## WHAT TO PRODUCE
Give back the full listing, character for character, with no pictures.
[SUPPLIED DATA — start]
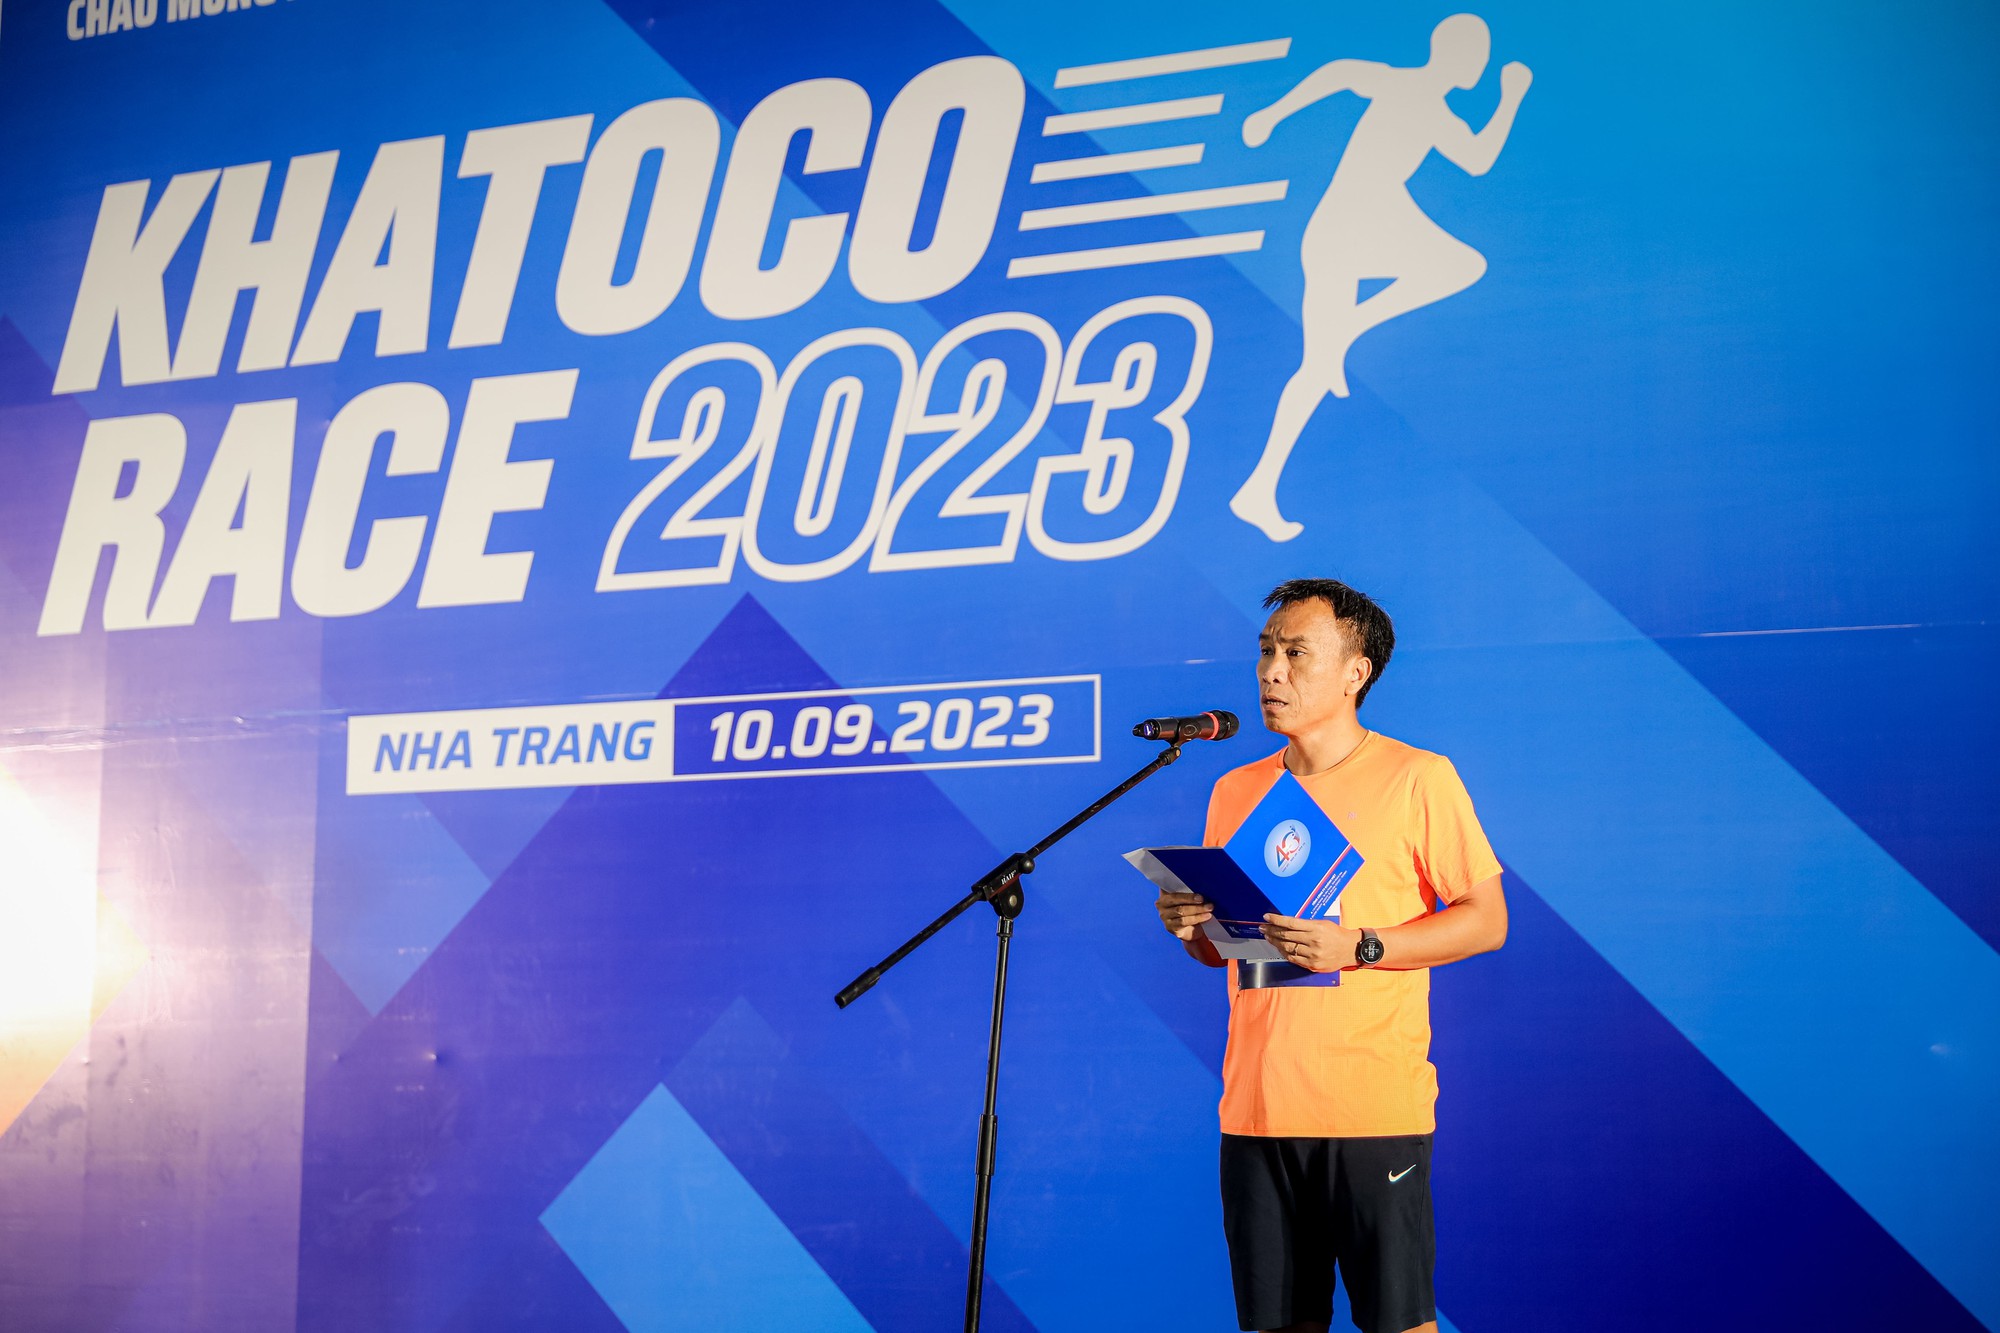 Giải chạy Khatoco Race 2023 thu hút hơn 1.300 vận động viên - Ảnh 1.
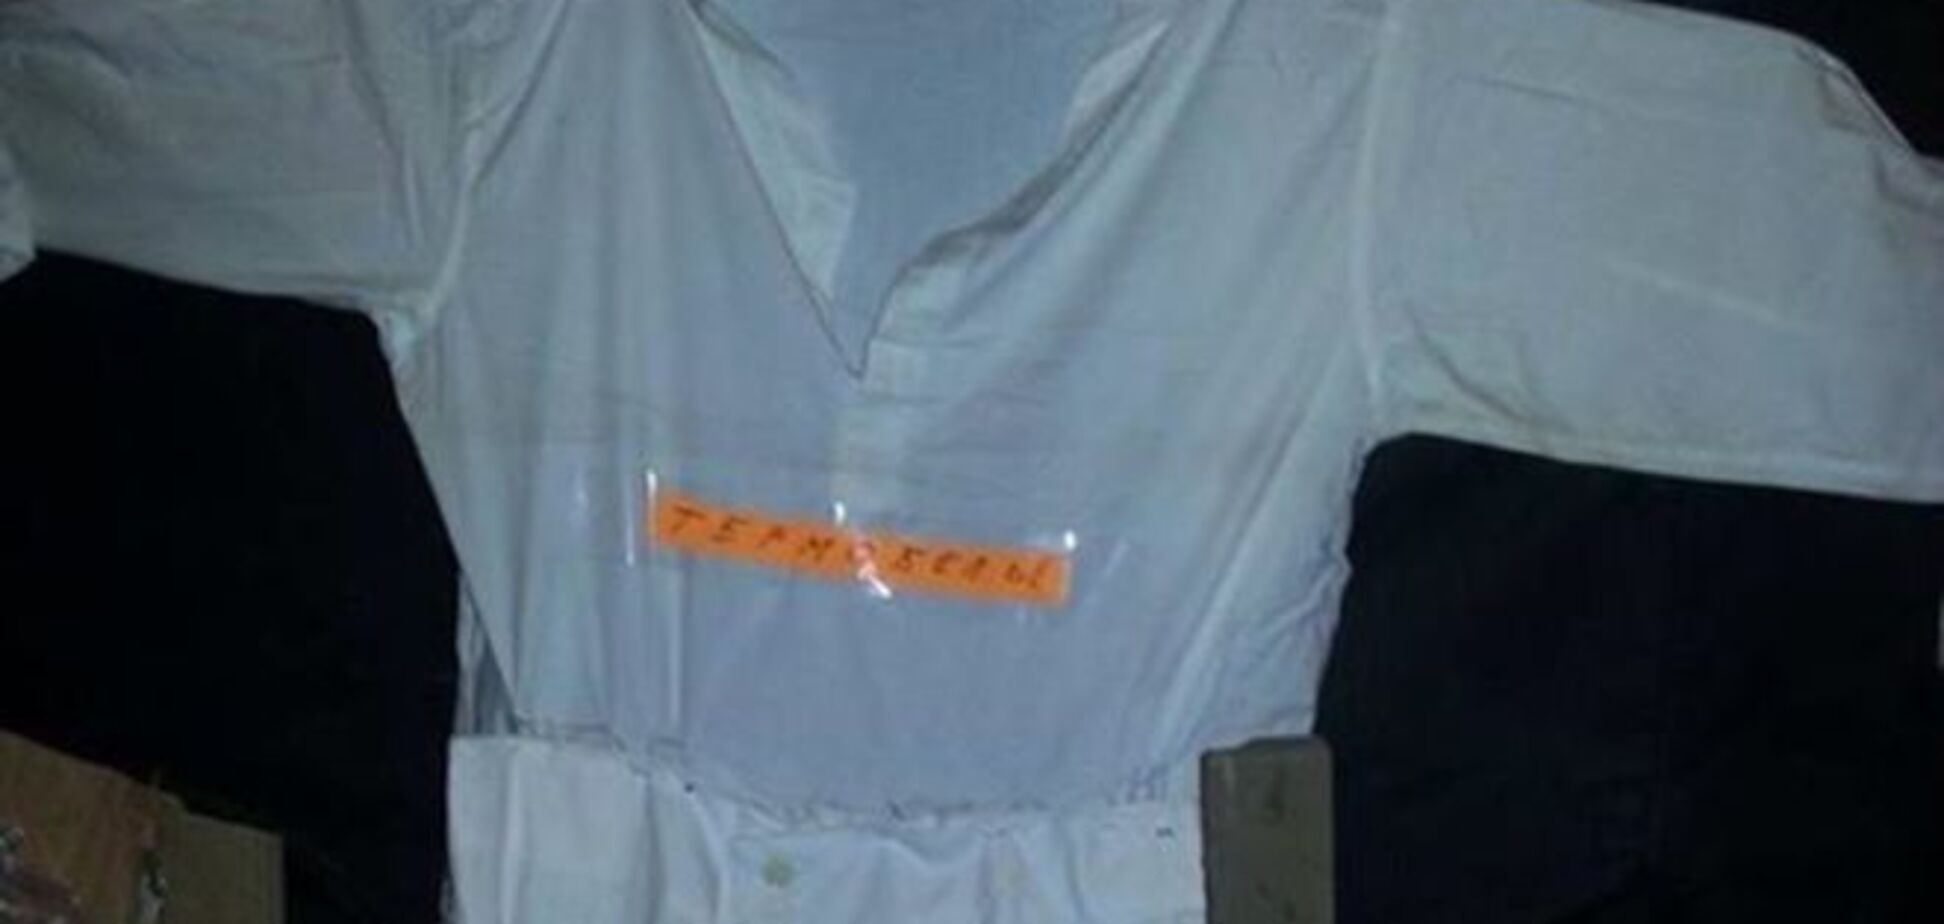 Термобілизна від Міноборони розлізлася після першого прання: опубліковано фото
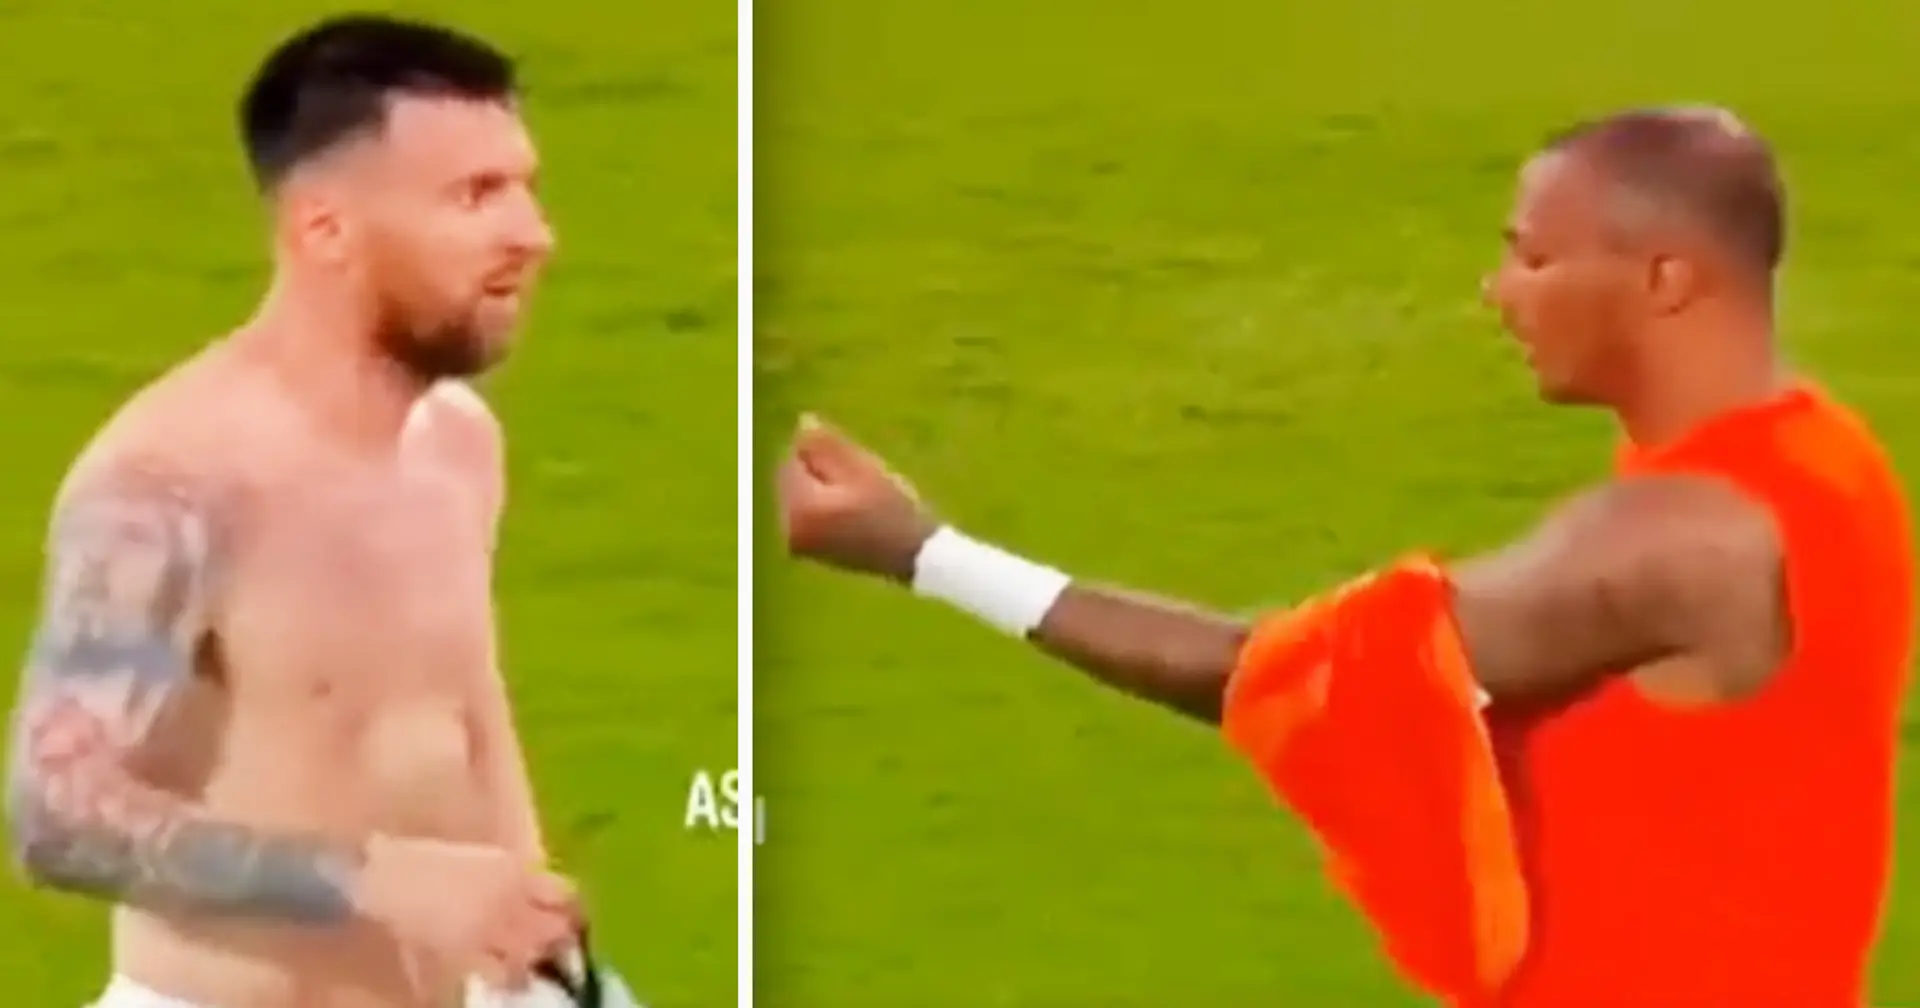 Gesichtet: Torwart fragt nach Messis Trikot, nachdem Leo einen Hattrick gegen ihn erzielt hatte - Argentinien gewinnt mit 7:0
[SUPPLIED DATA — finish]
## COMPLETED EXERCISE
 Giải chạy Khatoco Race 2023 thu hút hơn 1.300 vận động viên - Ảnh 1.
 Термобілизна від Міноборони розлізлася після першого прання: опубліковано фото
 Gesichtet: Torwart fragt nach Messis Trikot, nachdem Leo einen Hattrick gegen ihn erzielt hatte - Argentinien gewinnt mit 7:0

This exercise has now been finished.